Out of Poehlmann’s Eurovision friends, around 15 were gay, but none of them had ever been in a relationship with another fan.
“Maybe it’s because when you’re this interested, it’s nice to have a counterweight,” he suggested.
Sensing that he might “overdose” on Eurovision this year, Malmoe’s self-dubbed king of Eurovision will be returning to his alternative rock roots later this year.
“I’ve just booked tickets to the Off Festival outside Krakow in Poland, where my friend and I are going to watch the Smashing Pumpkins and My Bloody Valentine,” he said.
Ronny Larsson, a journalist and Eurovision blogger for Swedish gay magazine QX, said that although no one had ever managed to fully explain the contest’s popularity among gay men, he had a theory that might shed some light on it.
“A lot of other people are ashamed to listen to this type of music. But gay people have already come out, we’ve had to stand up for ourselves, what we are and what we like,” he said.
“That makes it easier.

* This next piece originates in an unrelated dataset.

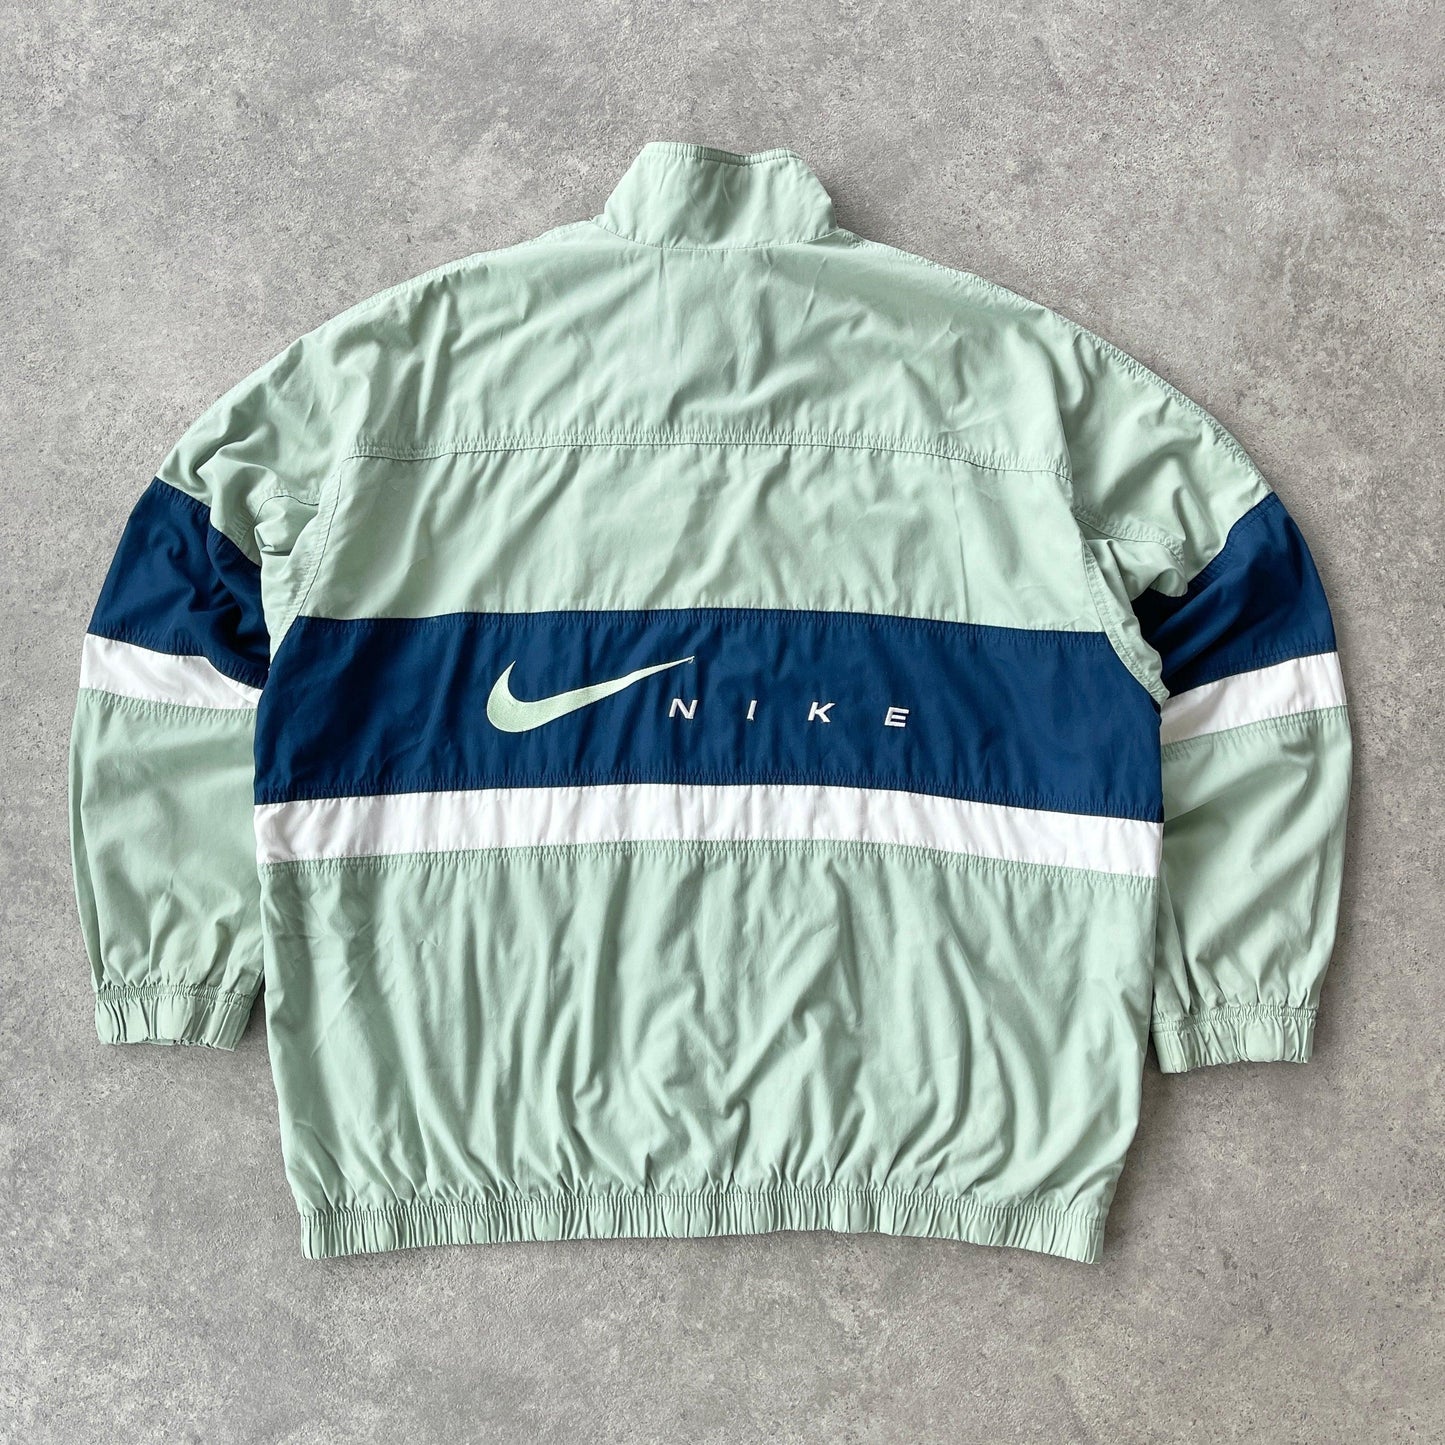 Nike 1990s lightweight embroidered track jacket (XL) - Known Source

Even if it’s a bit embarrassing, it becomes such a minor issue for us.”
There is also a faction within the community who hate the Eurovision Song Contest and Melodifestivalen, the annual series of shows to select the Swedish entry, he noted.
“What I find hard to accept is all these theories that it’s because of the glitz and glamour, because it’s such a cliche and that’s never been the reason for my interest or my friends’ (interest),” Larsson said.
Still, those looking for a bit of disco glamour at this year’s gay club nights in Malmoe won’t be disappointed, with Swedish Eurovision divas Loreen, Carola and Charlotte Perrelli each headlining gigs at nightclub Wonk.
All three have won the European contest at some point in their careers.
Club owner Joakim Nilsson booked one of the city’s premier party venues for the event the day after Loreen won last year’s competition in Baku, since Wonk’s regular premises were deemed too small.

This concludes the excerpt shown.